### Goal of the exercise
Everything in the data gets repeated exactly, except for the pictures.

### Data segment
Segment Open

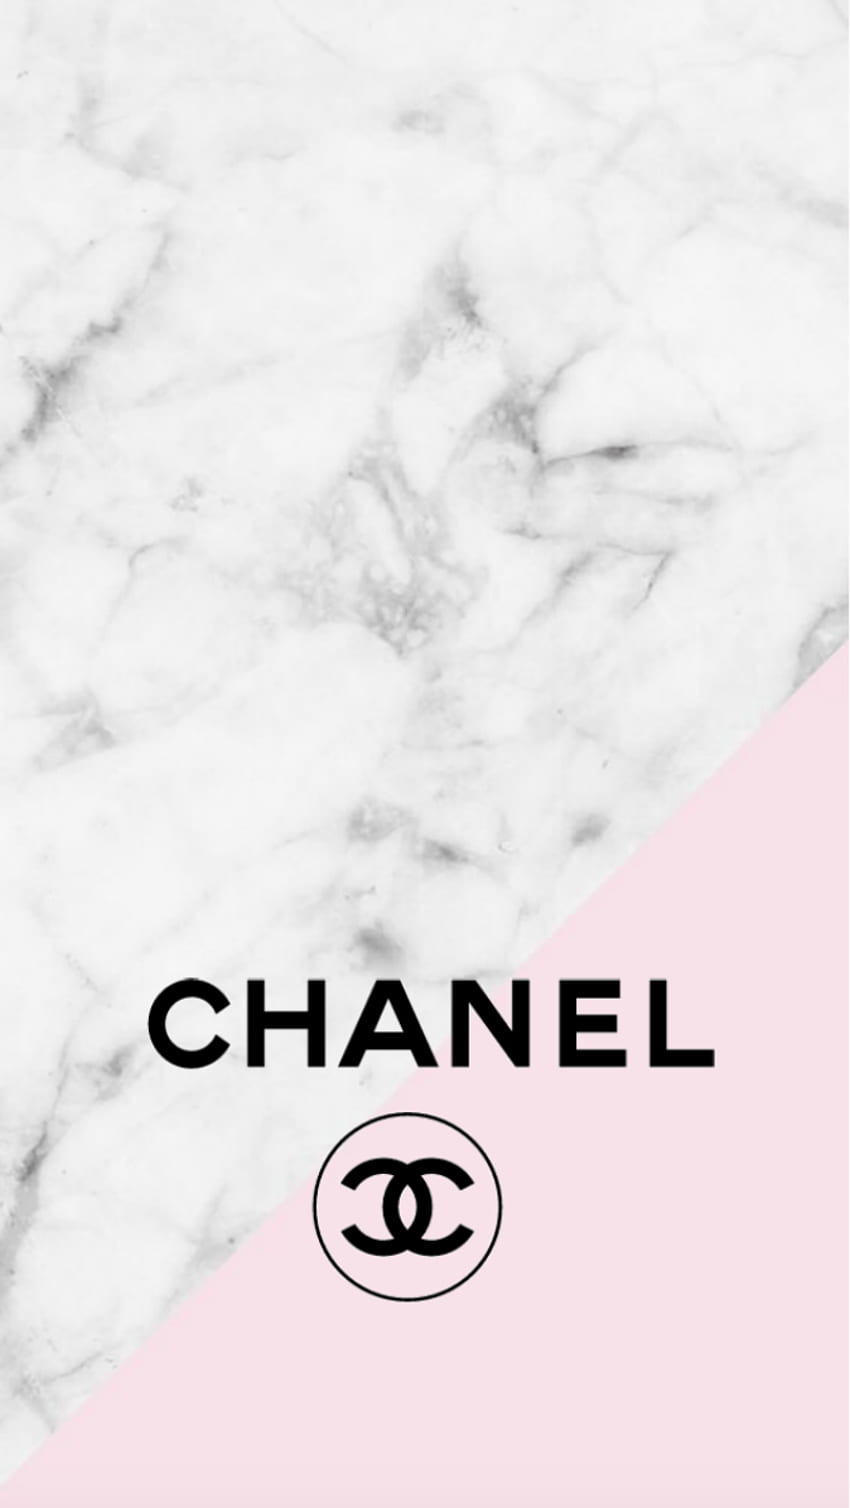 Top 500 Hình Ảnh Chanel Đẹp Nhất Miễn Phí Cho Bạn Làm Hình Nền Background  Ảnh Đại Diện Tải Chanel Về Hoàn Toàn Miễn Phí Tại Zicxa Photos
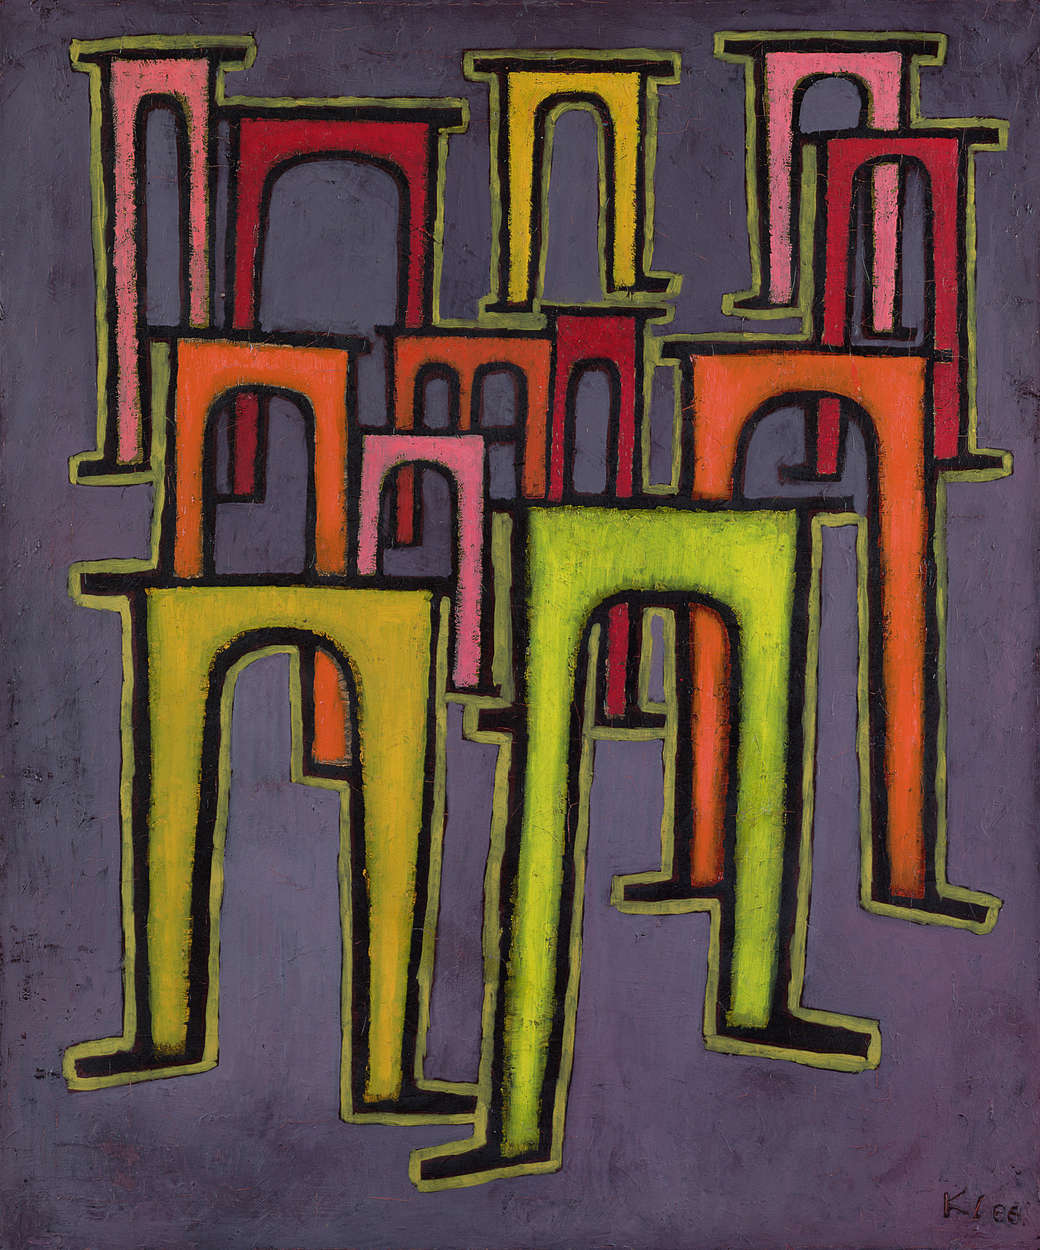             Fotomurali "Rivoluzione del viadotto" di Paul Klee
        
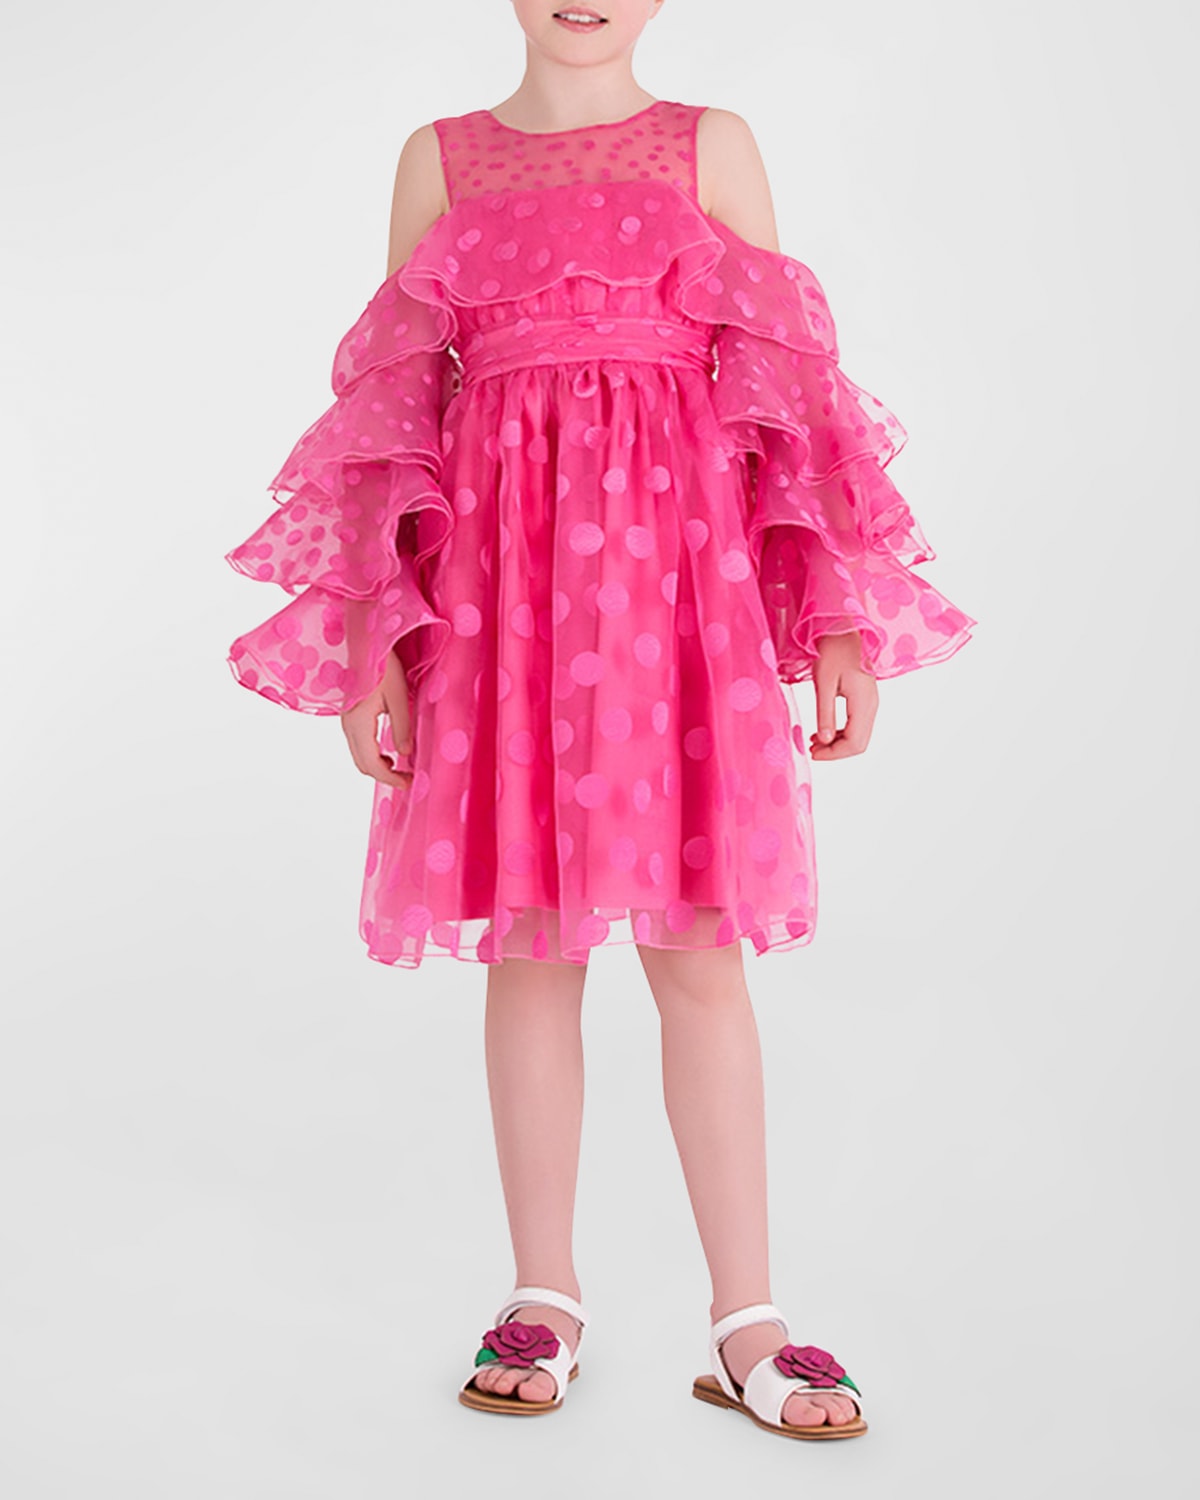 Mama Luma Kids' Girl's Polka Dot Ruffle Dress In Pink

Segment Closed

### Answer to the exercise
 Top 500 Hình Ảnh Chanel Đẹp Nhất Miễn Phí Cho Bạn Làm Hình Nền Background  Ảnh Đại Diện Tải Chanel Về Hoàn Toàn Miễn Phí Tại Zicxa Photos
             Fotomurali "Rivoluzione del viadotto" di Paul Klee
        
 Mama Luma Kids' Girl's Polka Dot Ruffle Dress In Pink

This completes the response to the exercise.